KrishnaswamyLab / scprep

A collection of scripts and tools for loading, processing, and handling single cell data.
MIT License
72 stars 19 forks source link

Document sign change of EMD in `scprep.stats.differential_expression` #130

Closed CRISTIANJULIOCESAR closed 2 years ago

CRISTIANJULIOCESAR commented 2 years ago

@scottgigante-immunai

Hi i have this great heatmap using your function:

x=scprep.stats.differential_expression_by_cluster(EXP, cluster, measure='emd', direction='up', gene_names=None, n_jobs=-2) However, using EDM metric is a metric distances, I understand that it is a comparison of cluster by all clusters, but do not understand why there are positive and negative values on the heatmap because Earth distance mover of scypi is just a distances metric.

download2

For example i got something by cluster of ranked genes: {'0': emd rank MT-RNR2 5.668488 0 MT-ND4 5.305992 1 MT-CO2 4.492841 2 MT-CO1 4.006456 3 MT-CYB 3.903149 4 ... ... ... RP11-993B23.3 0.000000 23917 OTUD7A 0.000000 23918 DPY19L2 0.000000 23919 C10ORF67 0.000000 23920 RP13-228J13.6 0.000000 23921 ........ [23922 rows x 2 columns], '9': emd rank FTH1 2.317543 0 TFF1 1.485828 1 S100A9 1.229603 2 TPT1 1.152300 3 CSTB 1.137404 4 ... ... ... MT-CO1 -1.030647 23917 TUBA1B -1.052380 23918 MT-CO2 -1.165543 23919 MT-ND4 -1.378224 23920 MT-RNR2 -1.655259 23921

[23922 rows x 2 columns]}

Why do I have negative values? , other thing i do not understand the implication of the parameter "direction". Hope you can help me thank you.
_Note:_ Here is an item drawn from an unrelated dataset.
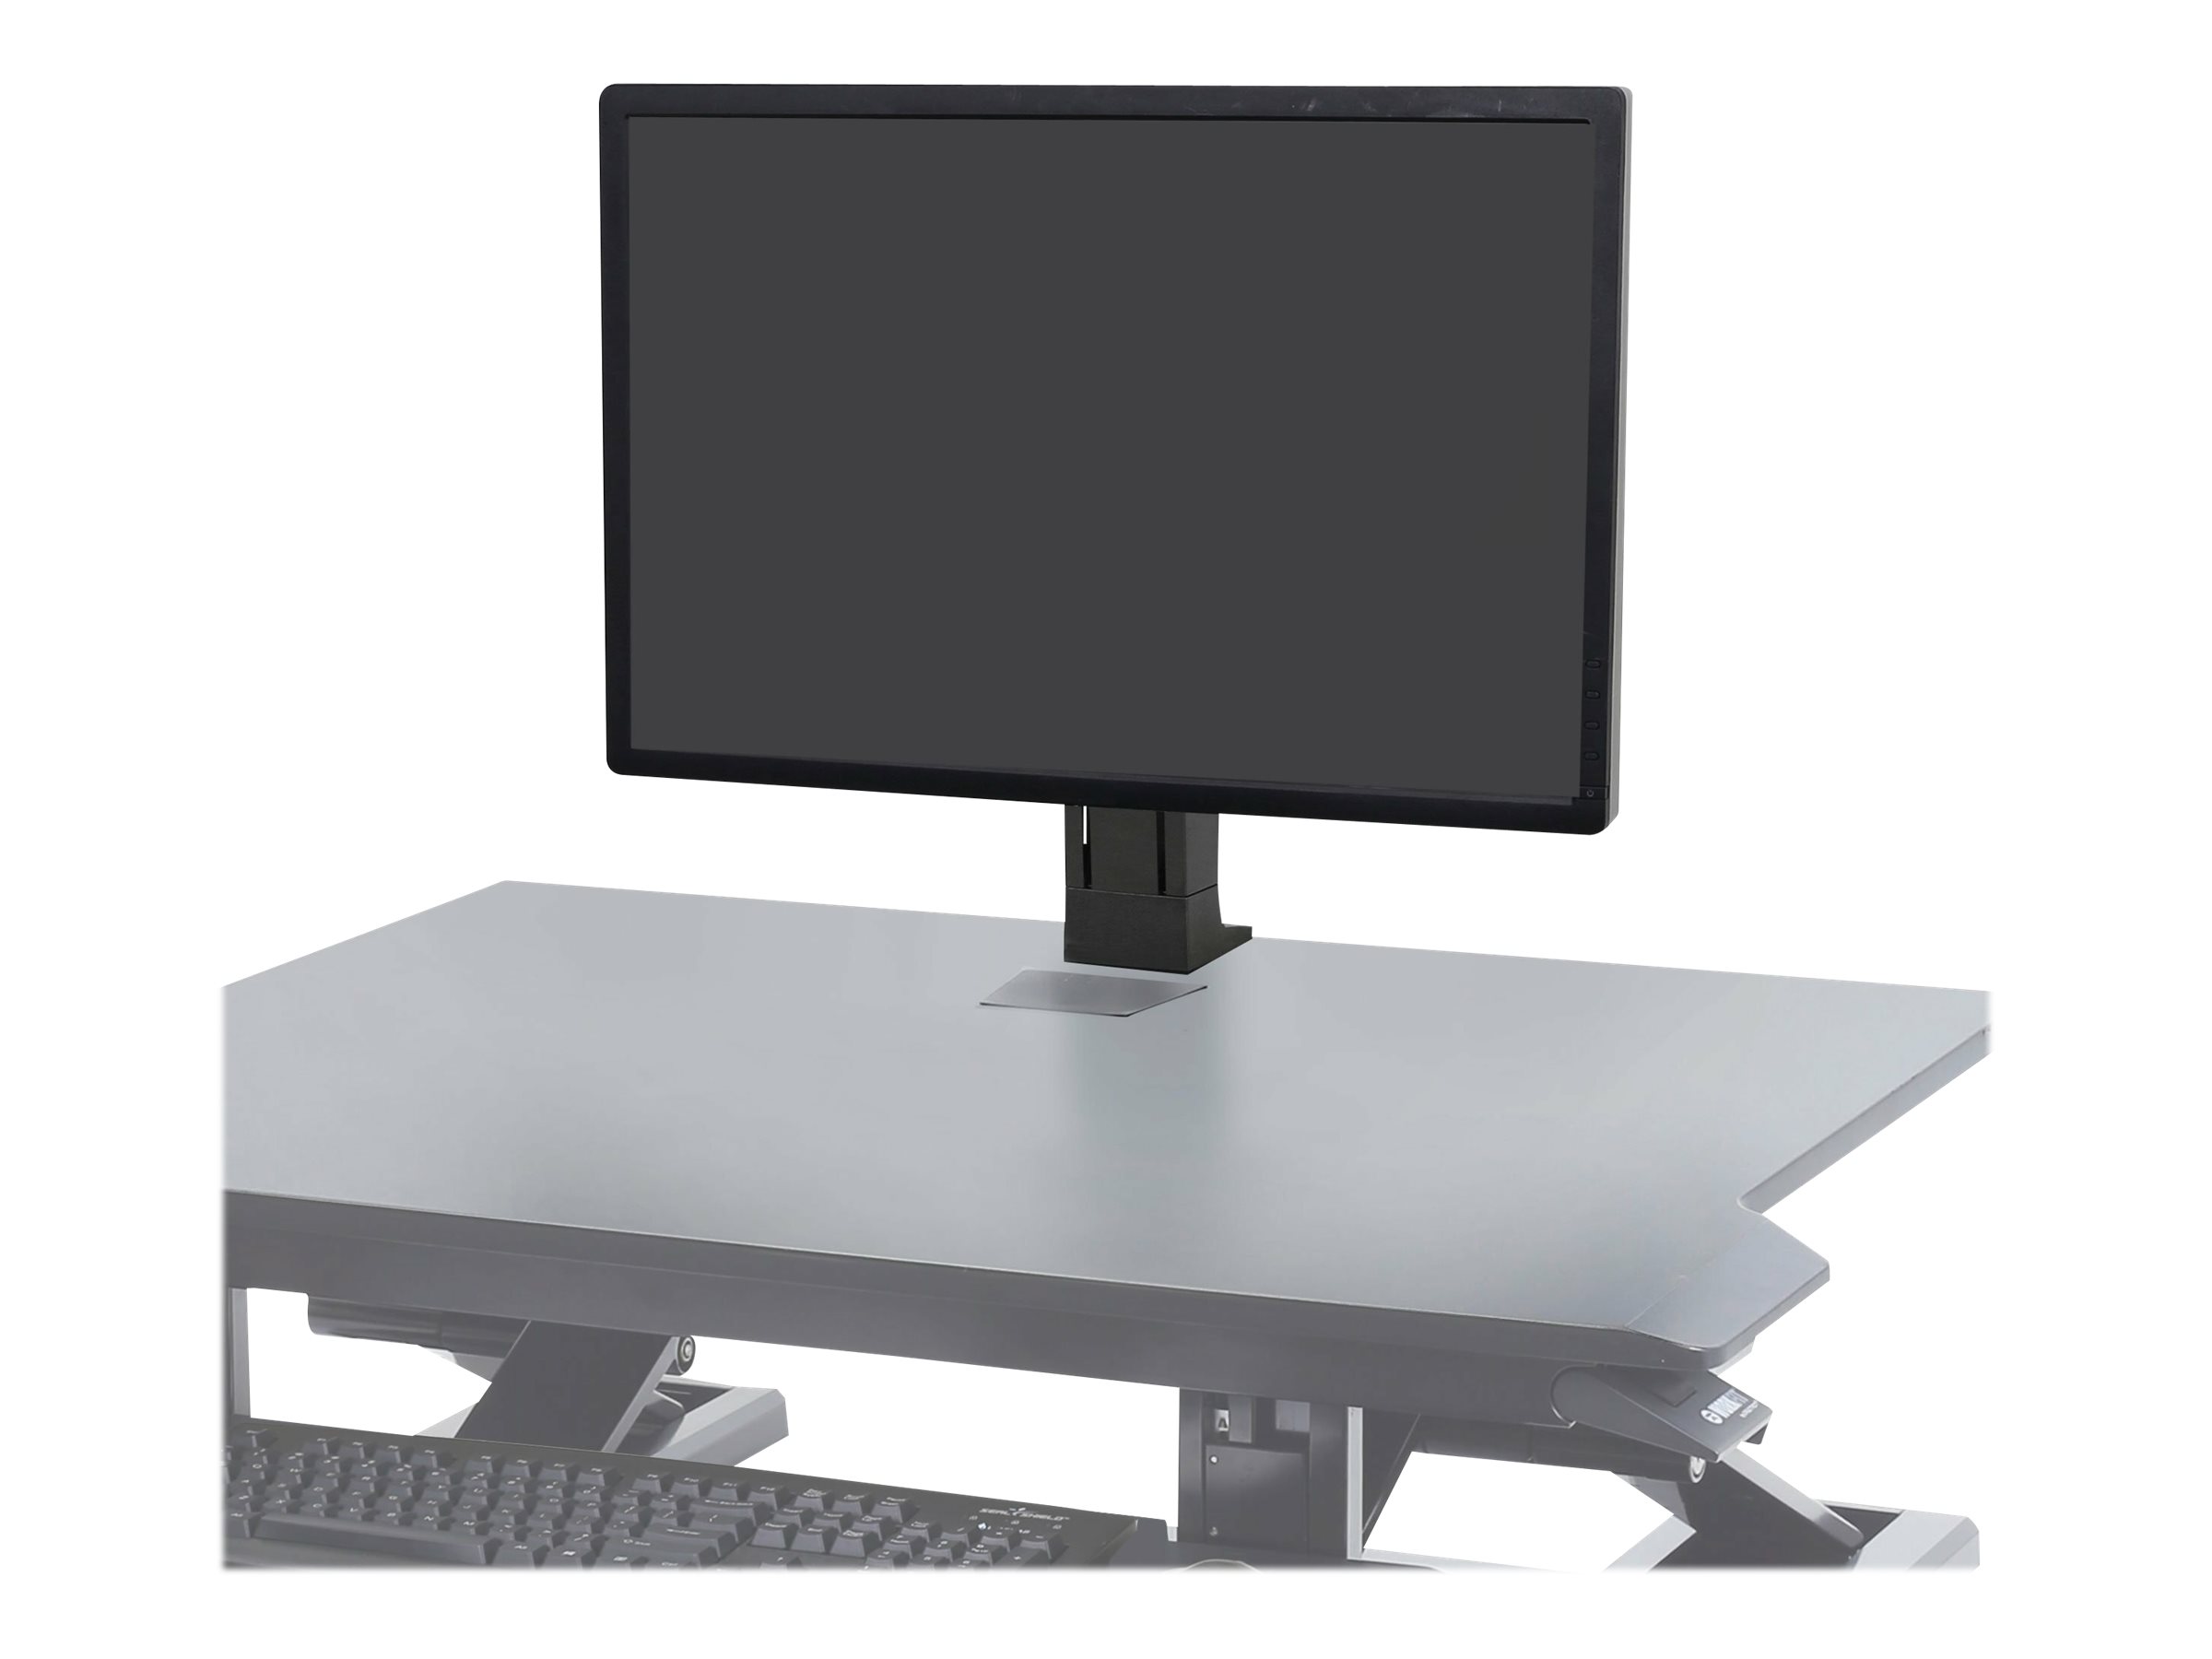 Ergotron WorkFit - Kit de montage (support de bureau) - pour Écran LCD - noir - Taille d'écran : jusqu'à 24 pouces - pour P/N: 33-467-921, 33-468-921 - 97-935-085 - Montages pour TV et moniteur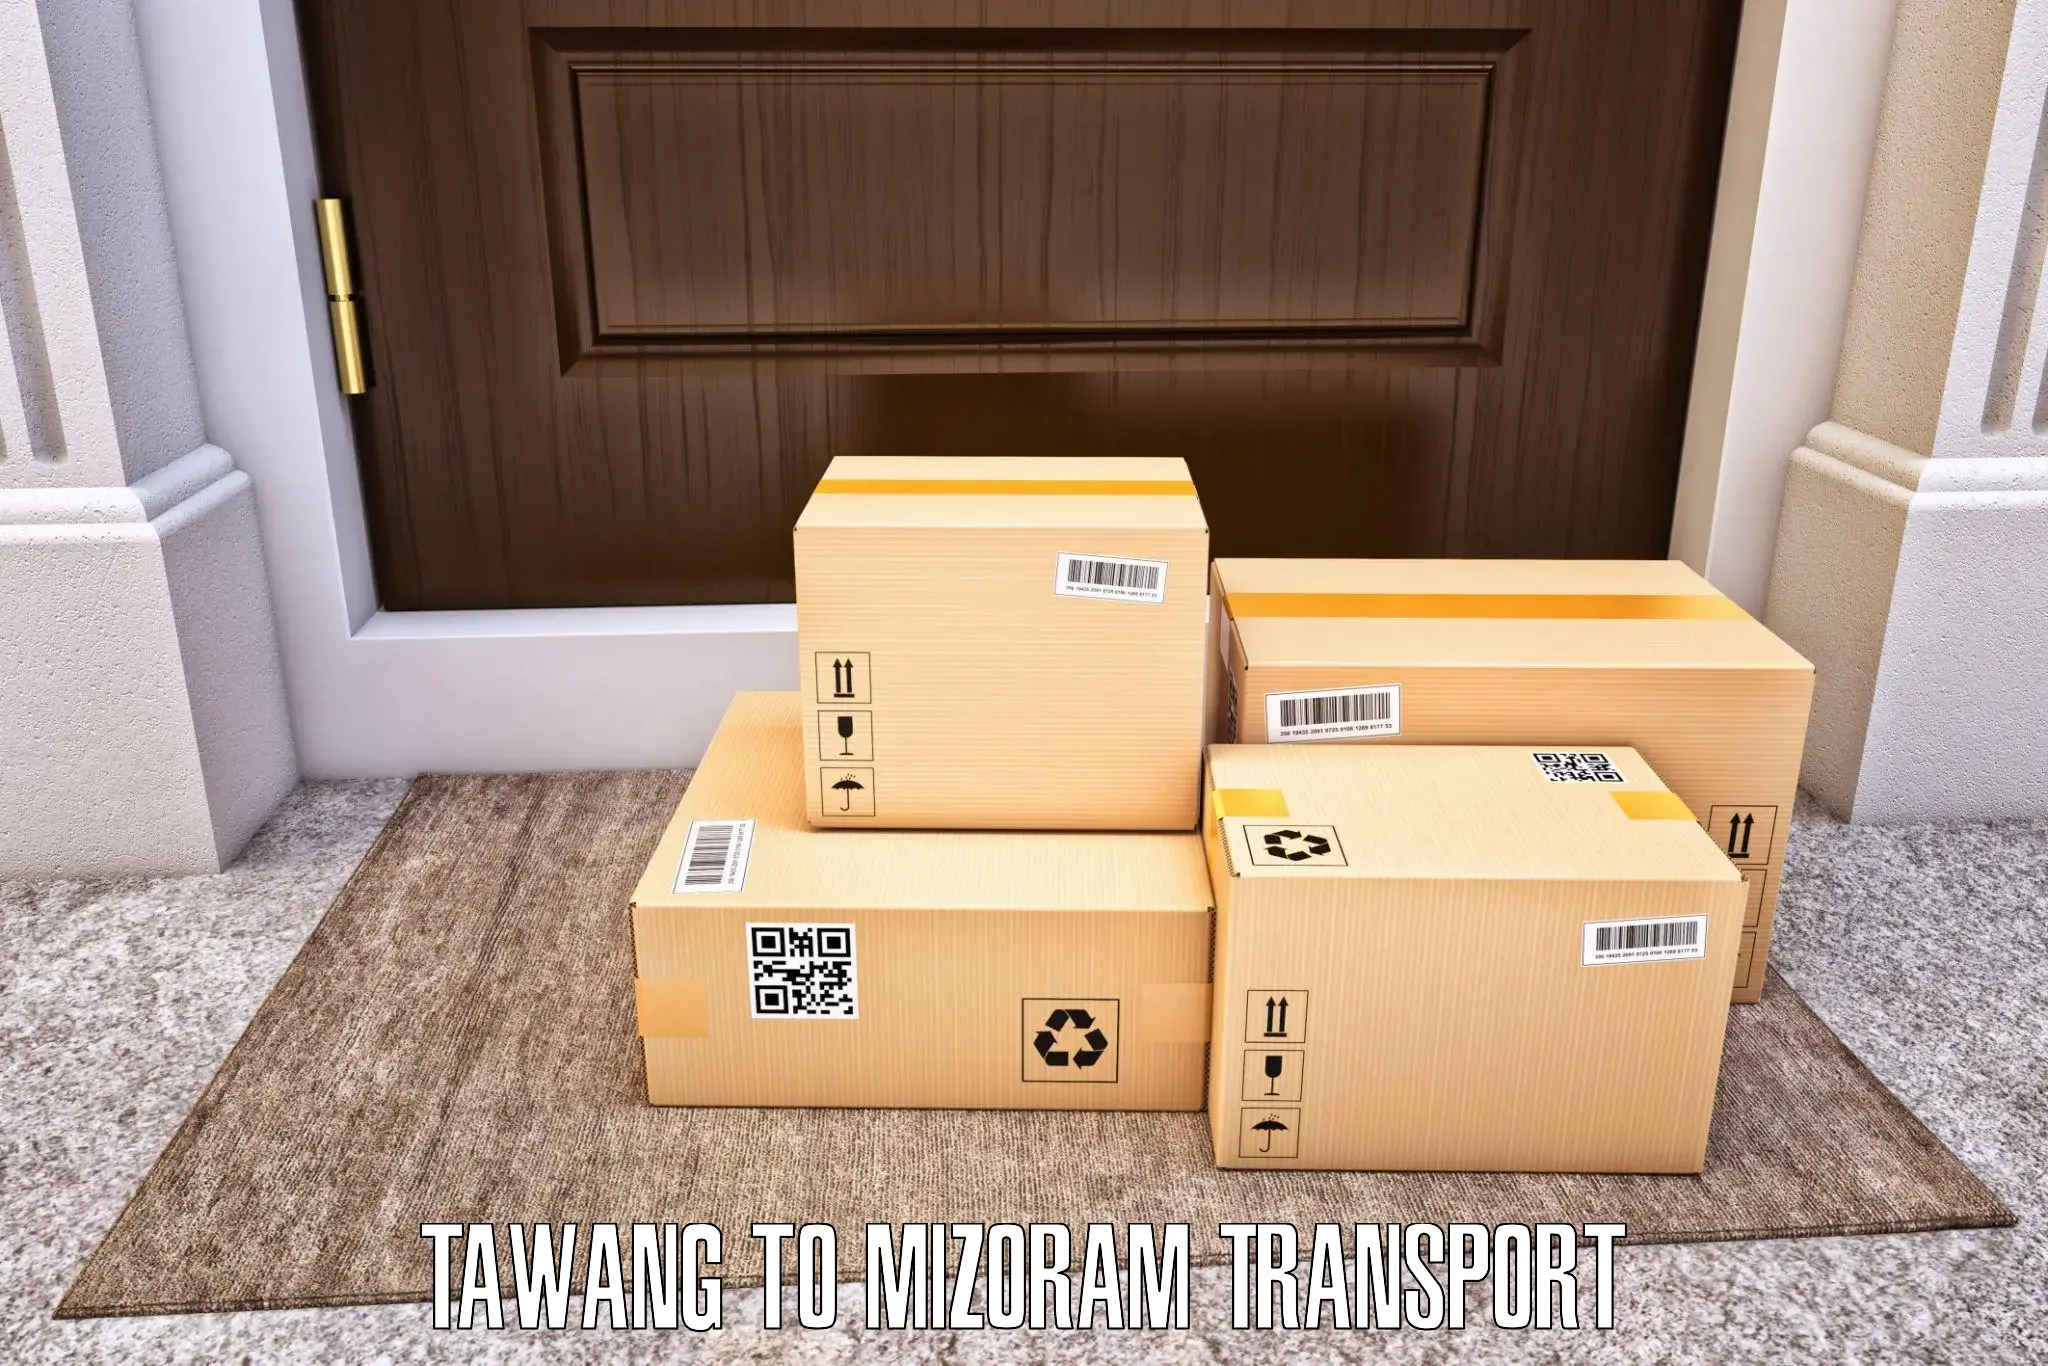 Online transport service Tawang to Mizoram

For example if i apply just EDM it is not posible to get negative values of EDM

from scipy.stats import wasserstein_distance

c1 = exp_diff[exp_diff['clusters'] == "9"]['MT-ND4'] 
c2 = exp_diff[exp_diff['clusters'] == "0"]['MT-ND4'] 
wasserstein_distance(c1,c2)

""
or
""
from scipy.stats import wasserstein_distance

c1 = exp_diff[exp_diff['clusters'] == "1"]['MT-ND4'] 
c2 = exp_diff[exp_diff['clusters'] == "0"]['MT-ND4'].append(exp_diff[exp_diff['clusters'] == "2"]['MT-ND4']) 
wasserstein_distance(c1,c2)
scottgigante-immunai commented 2 years ago

Hi @CRISTIANJULIOCESAR , the EMD is multiplied by the sign of the difference to denote the overall direction of the shift. If you want the genes ranked by the absolute value, you can use direction='both'.

CRISTIANJULIOCESAR commented 2 years ago

Thanks @scottgigante that solves my questions.

scottgigante commented 2 years ago

I'll leave this open until I document this properly. Thanks for reporting!